PV-RCNN	1233MB	$126$	11-17k	$79.16$
IA-SSD	102MB	$16$	$16384$	$79.12$
SGCCNet	217MB	$23$	$16384$	$80.8$

IV-C Runtime Analysis

One major advantage of Point-based detectors is real-time detection. In this section, we will illustrate this point by comparing the metrics of GPU memory usage, single-frame inference time, and input data volume. Table. IV shows these metrics for several representative models. It is worth noting that since their original papers did not analyze this aspect of performance, and the metrics depend on the software and hardware environment, we retested them locally using the OpenPCD project to ensure a fair comparison. The configuration files and pre-trained weights for these models all come from the OpenPCD project.
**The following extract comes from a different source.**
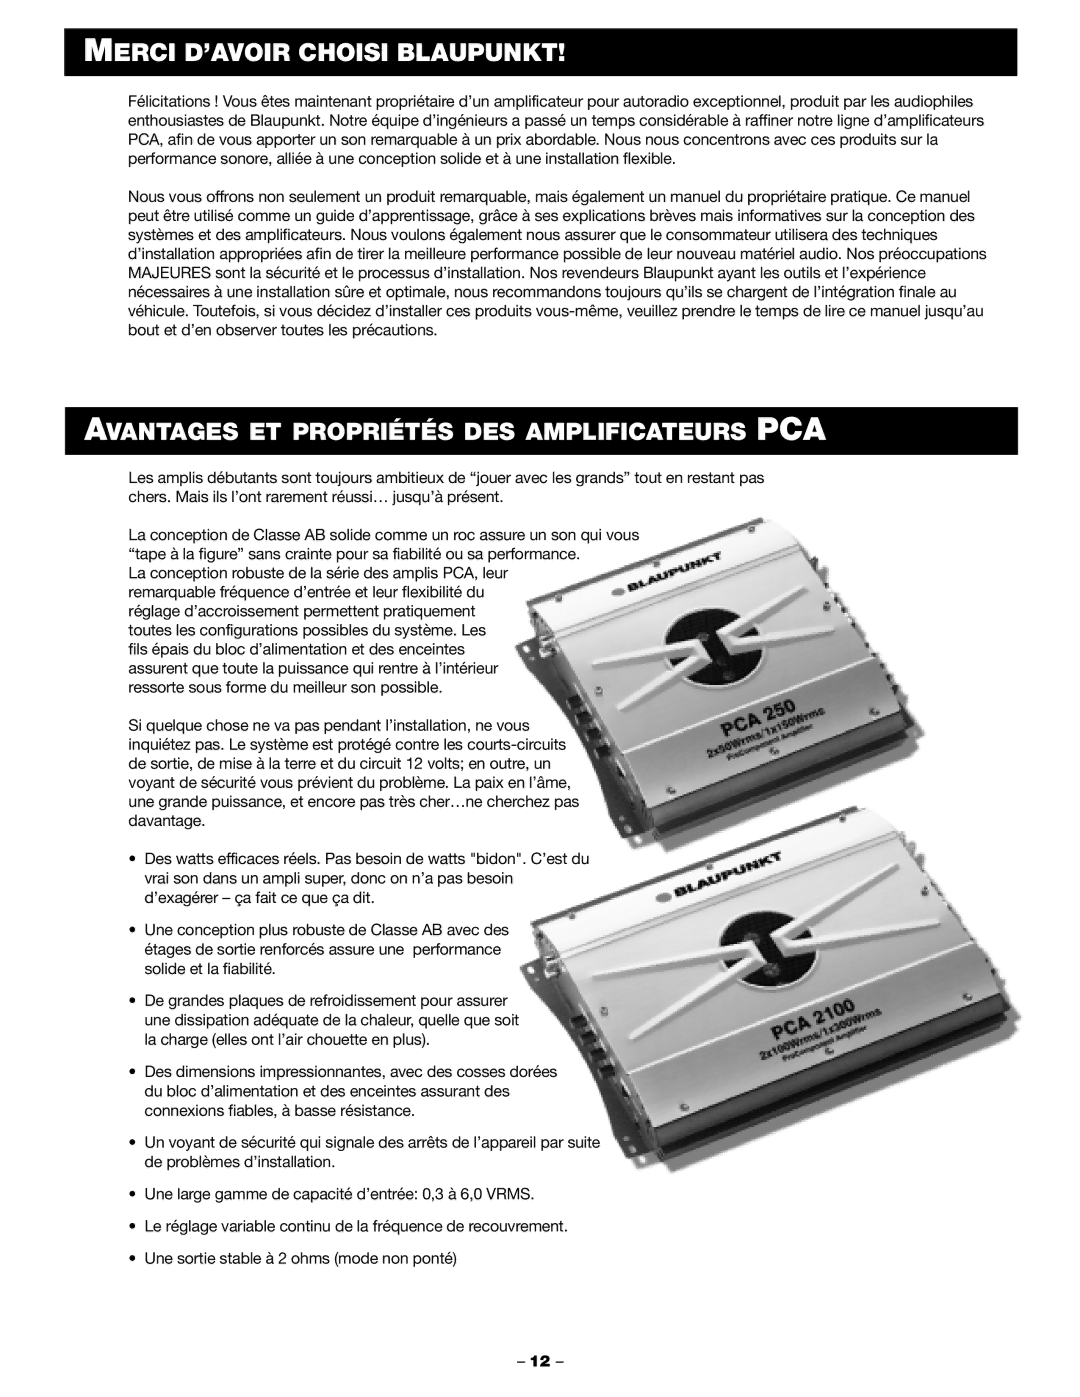 Blaupunkt PCA 2100, PCA 250 manual Merci D’AVOIR Choisi Blaupunkt, Avantages ET Propriétés DES Amplificateurs PCA

The hardware used for runtime testing was a single NVIDIA RTX 3090 GPU with an Intel i7-12700KF [email protected], and the software used python=3.9.0 and pytorch=2.1.0+cu118. From the results, SGCCNet’s memory usage is only slightly higher than IA-SSD, although the single-frame inference time is 7ms longer, it can bring a performance gain of 1.68% $AP_{3D}^{11}$ under the same input scale, which is undoubtedly worth it. Moreover, the 23ms single-frame inference time meets the real-time requirements of current LiDAR. PointPillars can achieve a similar inference time to SGCCNet in testing, but it occupies twice the memory and has a performance decrease of 3.52% $AP_{3D}^{11}$ .

TABLE V: The basic information of the created classification dataset.

Split	Category	Number	Total
Train	Car	$13382$	$16239$
	Pedestrian	$2159$
	Cyclist	$698$
Validation	Car	$13874$	$17014$
	Pedestrian	$2260$
	Cyclist	$880$

TABLE VI: The results of the ablation experiment. It can be seen that the model containing all components achieves the best performance.

Model	SGDA	GNM	SCB	CCM	E	M	H
A					$89.52$	$82.86$	$80.05$
B	✔				$92.11$	$83.5$	$82.1$
C	✔	✔			$92.53$	$83.65$	$82.41$
D	✔	✔	✔		$92.9$	$83.8$	$82.4$
E	✔	✔	✔	✔	93.27	84.17	82.92

IV-D Ablation Study

In this section, we will analyze the roles of various model components in SGCCNet and the selection of hyperparameters. The models involved are all trained on the KITTI train set and tested on the val set.

Effect of Saliency-Guide Data Augmentation (SGDA). The purpose of SGDA is to increase the diversity of training data at the feature level, reduce the model’s reliance on saliency features, and improve its robustness to low-quality targets. As described in Section III-C, SGDA constructs an SGCCNet-elite model to perform classification tasks and obtain saliency scores for each target. We first need to demonstrate that the saliency scores obtained from classification are also applicable to detection tasks. The data set partitioning of the training set we created is the same as KITTI, with specific sample details shown in Table. V.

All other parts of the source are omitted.